UniversalDependencies/tools

TypeError: "validate.py" compatibility with Python 3.6

logan-siyao-peng opened this issue · 6 comments

While using "validate.py" in UDtools to validate conllu-formatted GUM corpus, the following error message occurs to my computer:

"""
C:\Users\logan\Dropbox\GUM\UDtools>python validate.py --lang en ..\amir_gumdev_build\target\dep\ud\GUM_interview_ants.conllu
Traceback (most recent call last):
File "validate.py", line 735, in
validate(inp,out,args,tagsets,known_sent_ids)
File "validate.py", line 613, in validate
for comments,tree in trees(inp,tag_sets,args):
File "validate.py", line 74, in trees
for line_counter, line in enumerate(inp):
File "C:\Program Files\Python36\lib\codecs.py", line 644, in next
line = self.readline()
File "C:\Program Files\Python36\lib\codecs.py", line 557, in readline
data = self.read(readsize, firstline=True)
File "C:\Program Files\Python36\lib\codecs.py", line 499, in read
data = self.bytebuffer + newdata
TypeError: can't concat str to bytes

During handling of the above exception, another exception occurred:

Traceback (most recent call last):
File "validate.py", line 737, in
warn(u"Exception caught!",u"Format")
File "validate.py", line 49, in warn
print >> sys.stderr, (u"[%sLine %d]: %s"%(fn,curr_line,msg)).encode(args.err_enc)
TypeError: unsupported operand type(s) for >>: 'builtin_function_or_method' and '_io.TextIOWrapper'. Did you mean "print(, file=<output_stream>)"?
"""

I was using Python 3,6,4 with Windows 10 Home. The "conllu" file seems correctly-formatted. Interestingly, my adviser @amir-zeldes did not encounter this problem while running the same command on his computer.

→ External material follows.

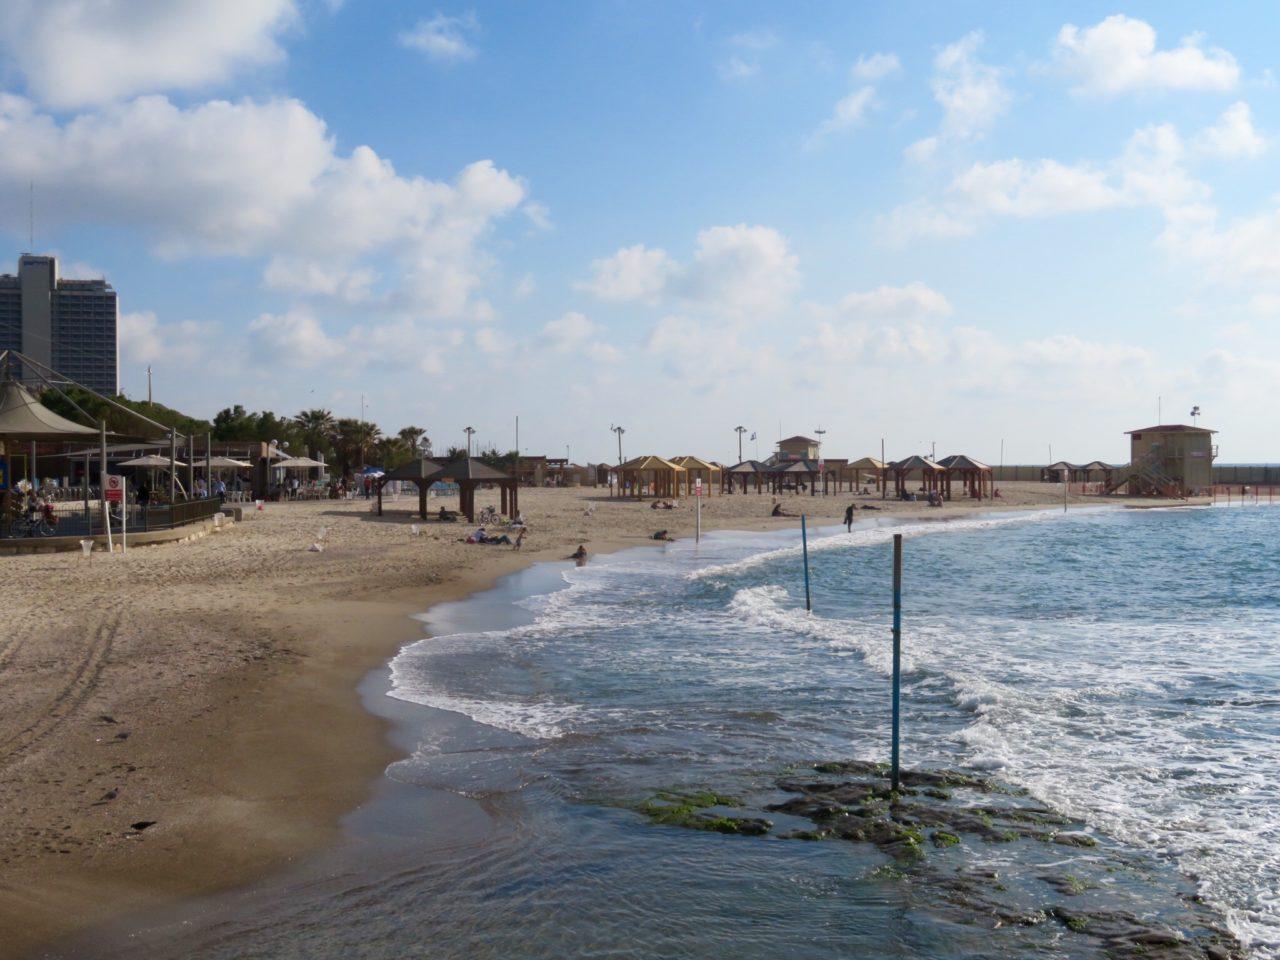 Tel Aviv Beach : The Metzitzim Beach, just south of the Old Port of Tel Aviv

I tried my luck with Python 2.7.14 on my own and it also ran through the document successfully. Not sure why it fails with bytes/strings issue.

Thank you for your support.

Best,
Logan

validate.py is a Python2 program. The error you get is because Python3 interprets print >> sys.stderr as a bit shift operator applied to a function and a file, and (admittedly rightfully) complains. I will look into porting the code into Python3.

I have also encountered this problem. After automatic conversion with 2to3 I obtain this during execution:

b'[Line 0]: Exception caught!'
Traceback (most recent call last):
File "validate.py", line 787, in <module>
validate(inp,out,args,tagsets,known_sent_ids)
File "validate.py", line 650, in validate
for comments,tree in trees(inp,tag_sets,args):
File "validate.py", line 77, in trees
for line_counter, line in enumerate(inp):
File "/usr/lib/python3.5/codecs.py", line 642, in next
line = self.readline()
File "/usr/lib/python3.5/codecs.py", line 555, in readline
data = self.read(readsize, firstline=True)
File "/usr/lib/python3.5/codecs.py", line 497, in read
data = self.bytebuffer + newdata
TypeError: can't concat bytes to str

The python 2.7 version runs well after installing the regex package.
Is there any available official python 3 version now?

No , Python 2.7 is the one that I use

@Stormur: you should be able install the regex package with pip2 install --user regex.
That said, it would be nice if validate.py supported both Python 2 and 3.

@fginter porting to Python 3 can be other issue , right ?

@martinpopel : Yes, I did it, my fault.

Still, I think that a python 3 version is needed, also because it can better handle Unicode.